--- TASK DIRECTIONS ---
Each line in the material below, starting at the one that contains "esstisch esszimmer tisch" and ending at the one that contains "NaMo beard Vs", should be repeated exactly; the pictures should not.

--- DATA SUPPLIED ---
• • • • •
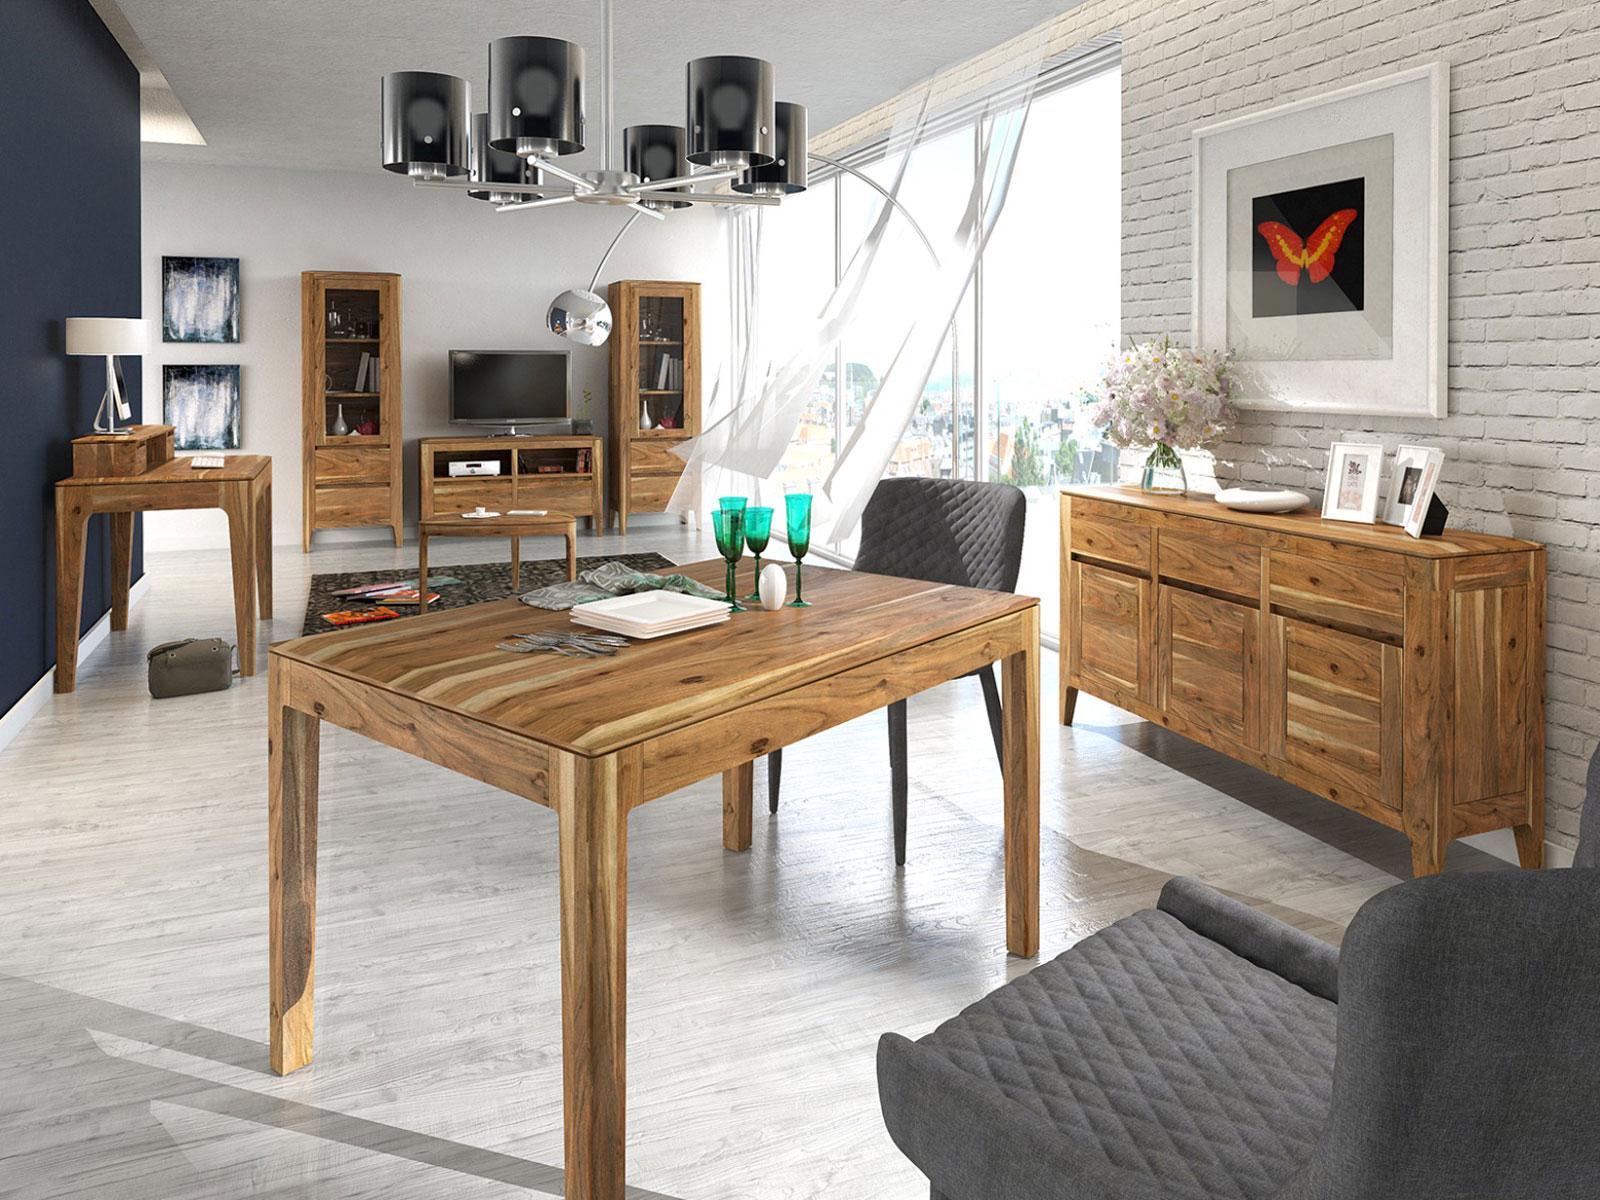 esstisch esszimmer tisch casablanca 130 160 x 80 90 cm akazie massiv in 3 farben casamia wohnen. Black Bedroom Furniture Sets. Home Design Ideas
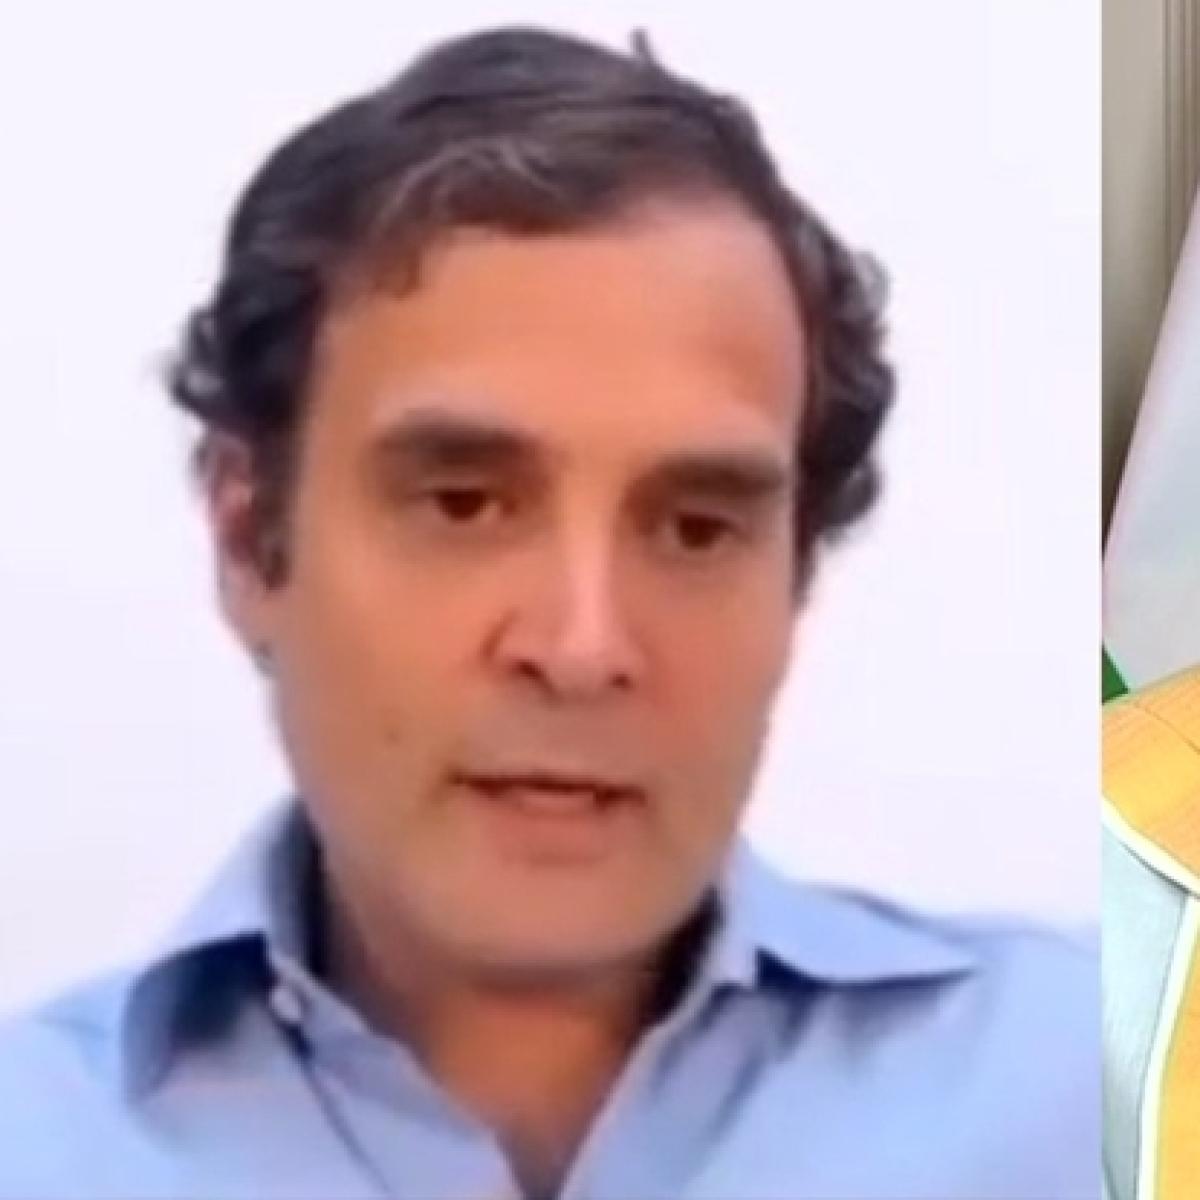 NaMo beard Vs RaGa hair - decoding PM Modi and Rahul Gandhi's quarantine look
• • • • •
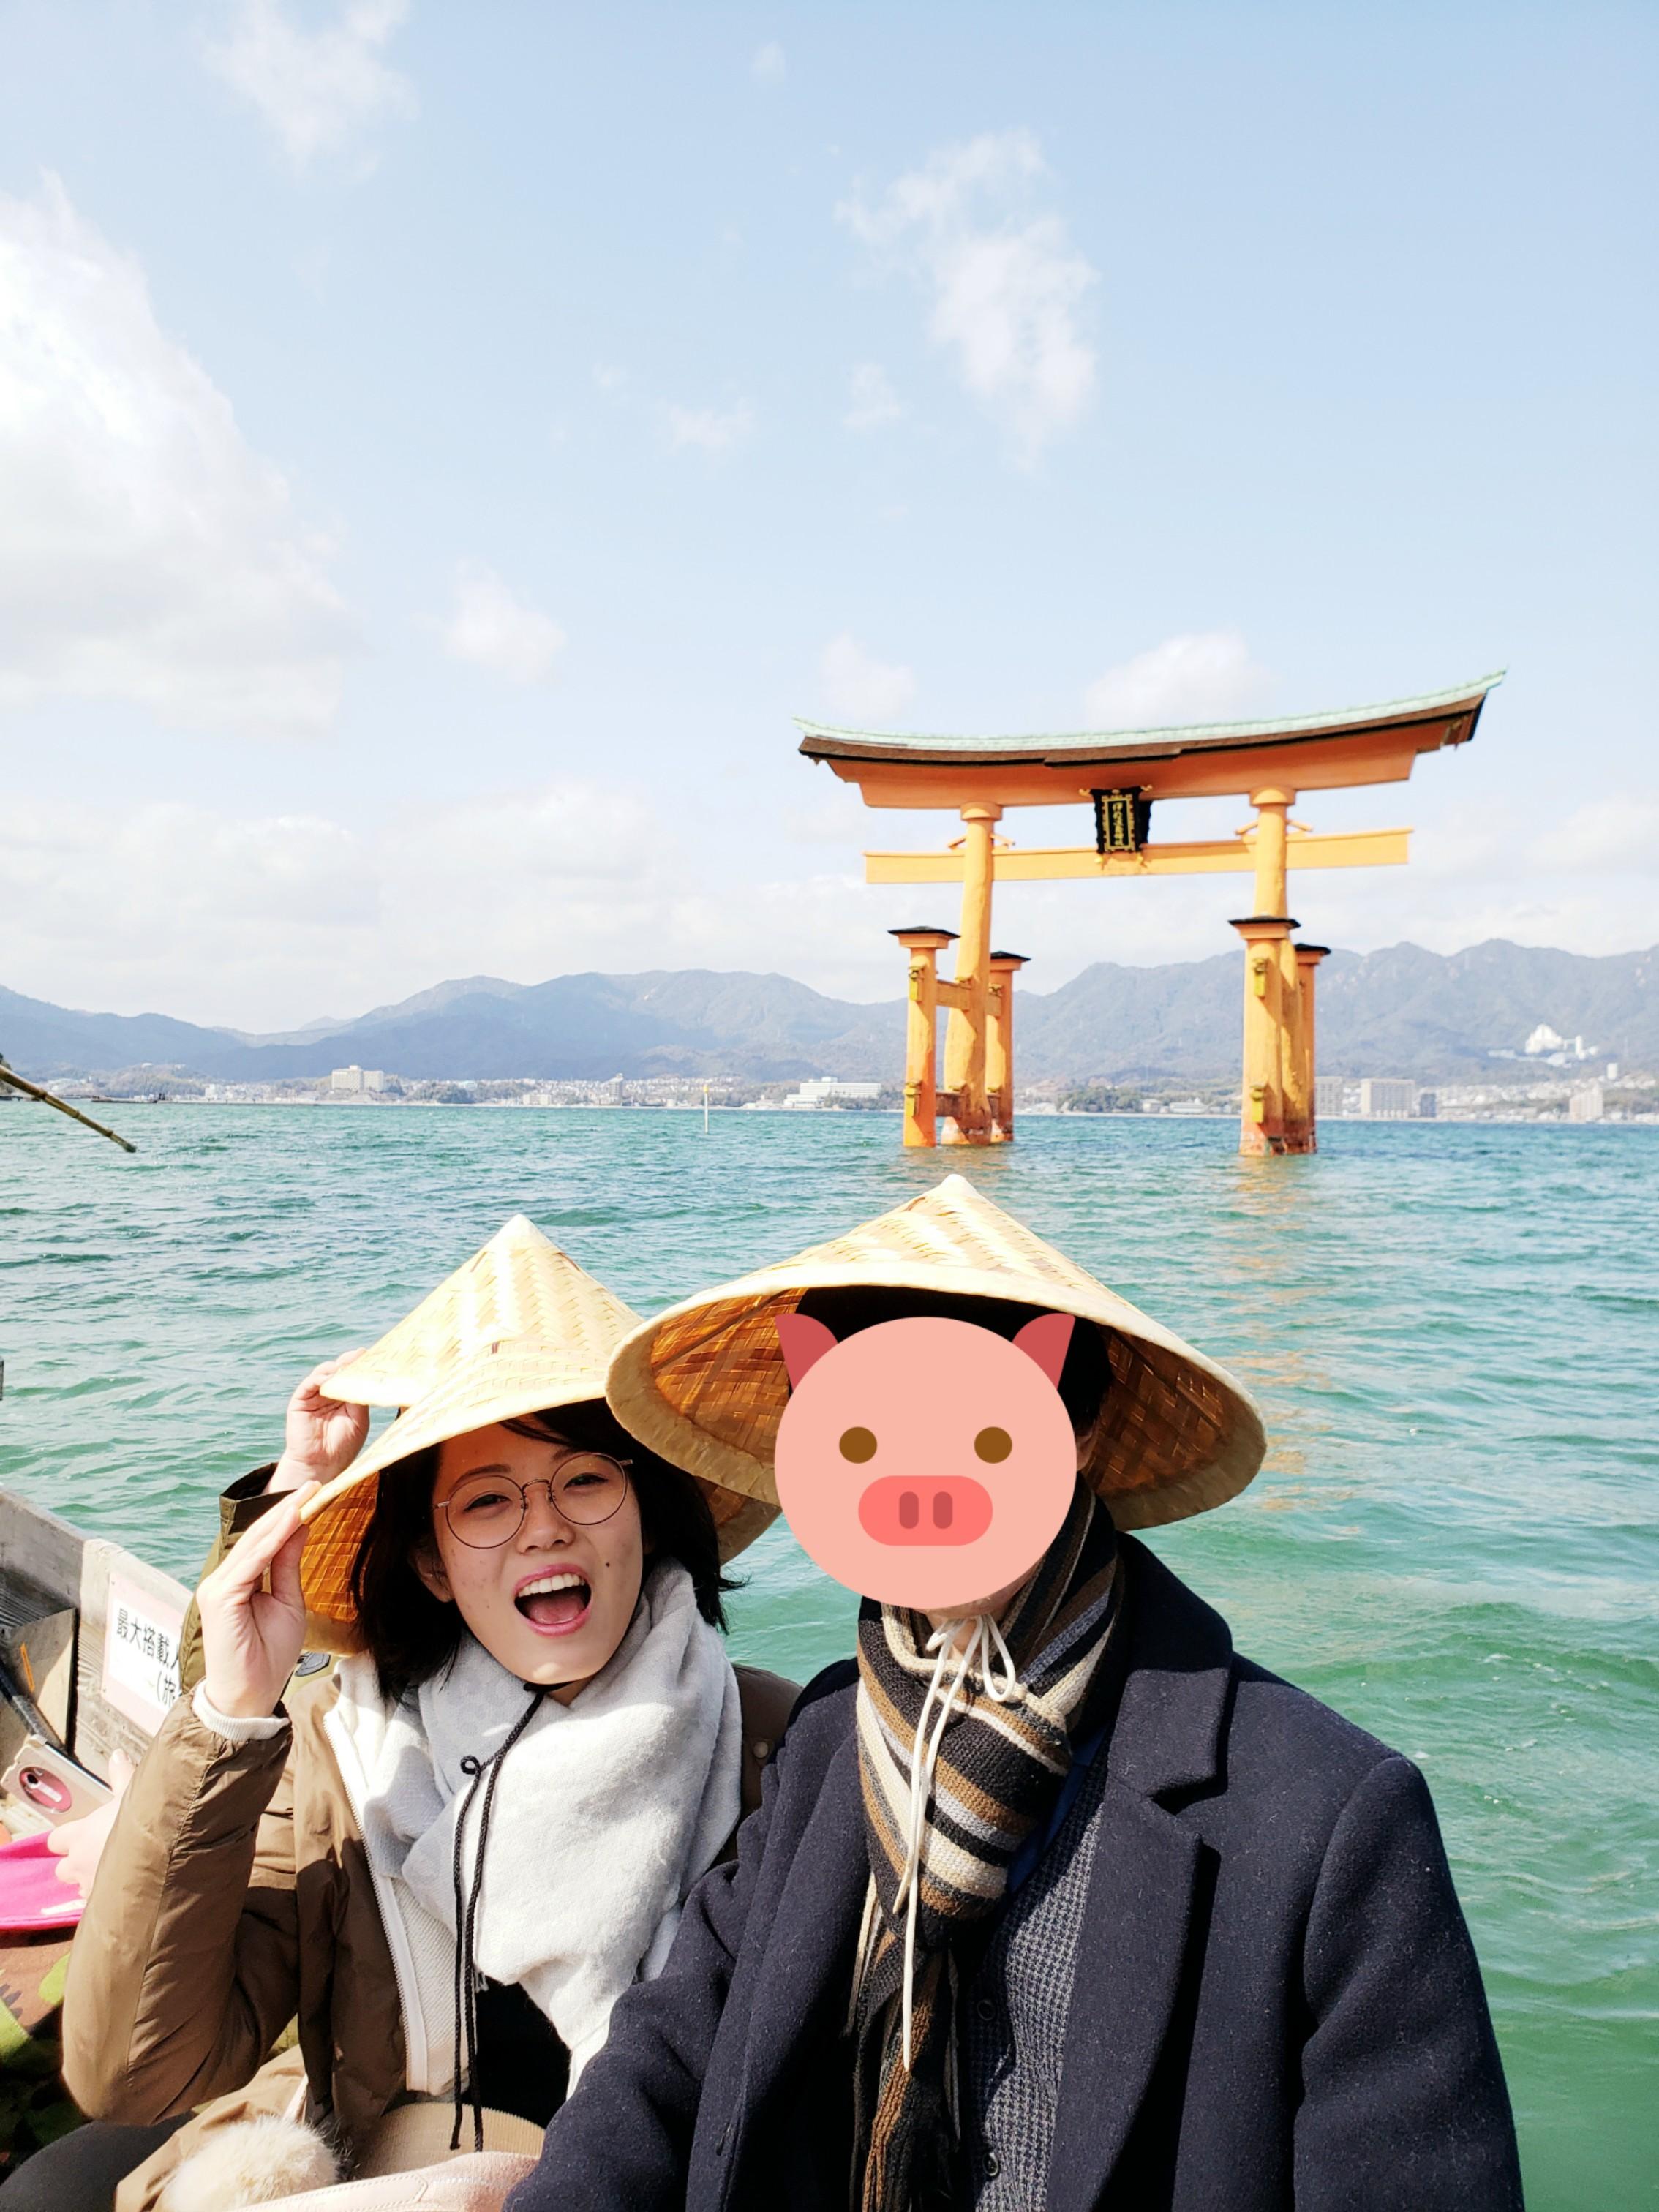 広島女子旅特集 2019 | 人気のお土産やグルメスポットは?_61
• • • • •
--- RESULT OF THE TASK ---
 esstisch esszimmer tisch casablanca 130 160 x 80 90 cm akazie massiv in 3 farben casamia wohnen. Black Bedroom Furniture Sets. Home Design Ideas
 NaMo beard Vs RaGa hair - decoding PM Modi and Rahul Gandhi's quarantine look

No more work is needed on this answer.